Choosing Quantization Strategy: Decision Framework
Choosing the right quantization strategy depends on your constraints. This decision framework helps you pick the optimal approach for your situation.
Start With Your Constraints
If you cannot afford ANY accuracy loss, keep FP16. Full precision is your baseline. If you need fastest deployment with minimal work, try post-training quantization (PTQ) first. It requires no retraining and works in hours.
If PTQ accuracy is unacceptable (more than 2% drop), move to quantization-aware training (QAT). Budget 2-3x your original training time. If deploying to edge devices with hard memory limits, target INT8 or INT4 with aggressive pruning.
Model Type Considerations
CNNs quantize easily. Most convolutional networks achieve less than 1% accuracy loss with PTQ INT8. Vision transformers are harder - attention mechanisms are sensitive.

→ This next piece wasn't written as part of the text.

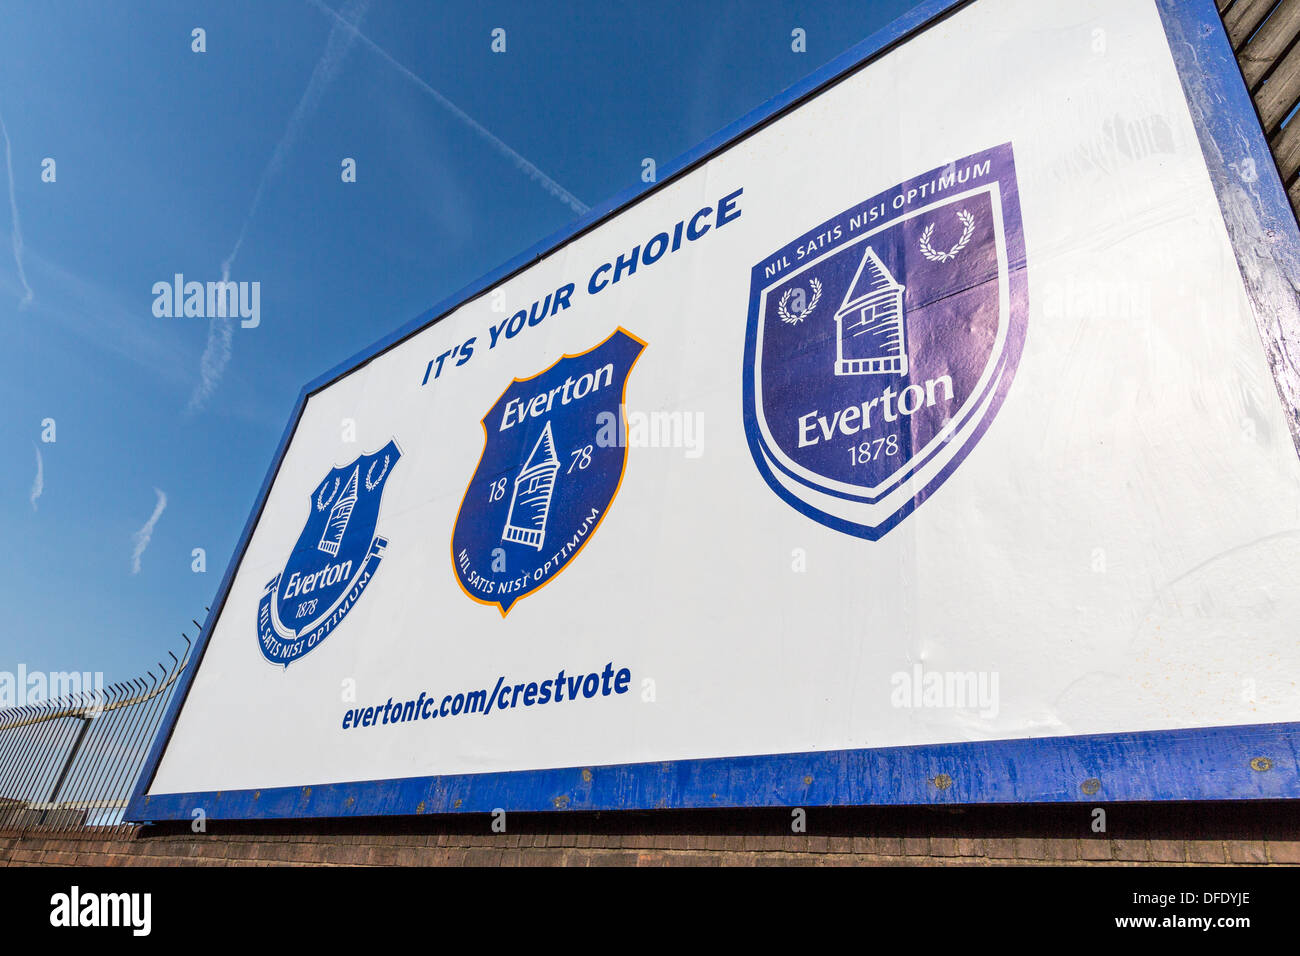 Un acaparamiento fuera de Goodison Park de Liverpool, mostrando las tres opciones de cresta de Everton FC. El nuevo CREST está a la izquierda. Foto de stock
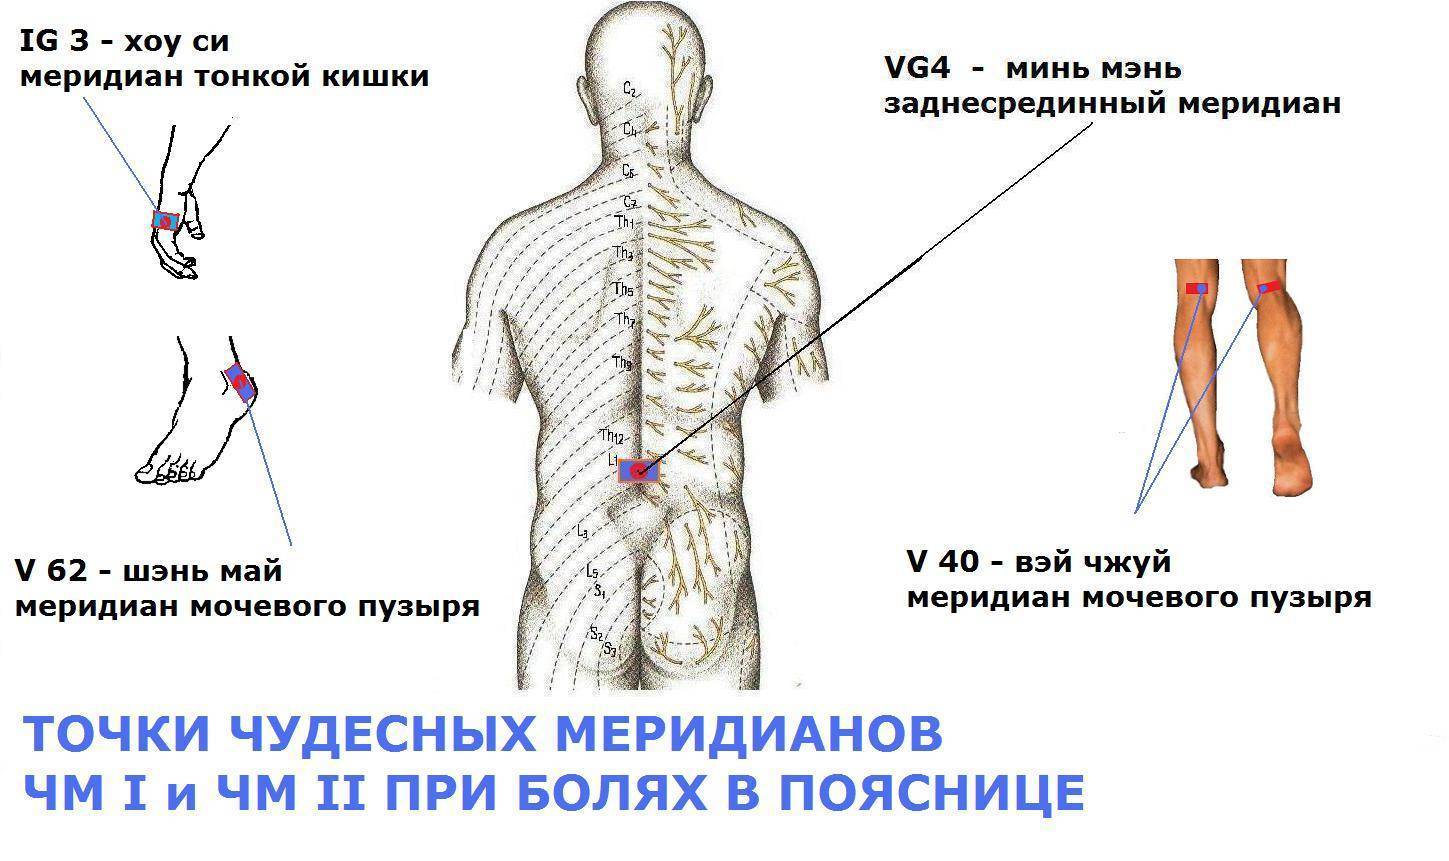 Массаж спины и поясницы, причины болей в спине, рекомендации и противопоказания к процедуре. техника выполнения движений.

Start with dynamic quantization.
Large language models benefit most from weight-only quantization (GPTQ, AWQ). This addresses the memory bottleneck while preserving quality. Target INT4 weights with FP16 activations for best balance.
Pro tip: Always benchmark on YOUR data. Published benchmarks rarely match real-world performance on domain-specific tasks.
Decision Checklist
1) Define acceptable accuracy loss. 2) Measure baseline latency and memory. 3) Try PTQ first (lowest effort). 4) If PTQ fails, invest in QAT. 5) Validate on production-like data. 6) Monitor drift after deployment.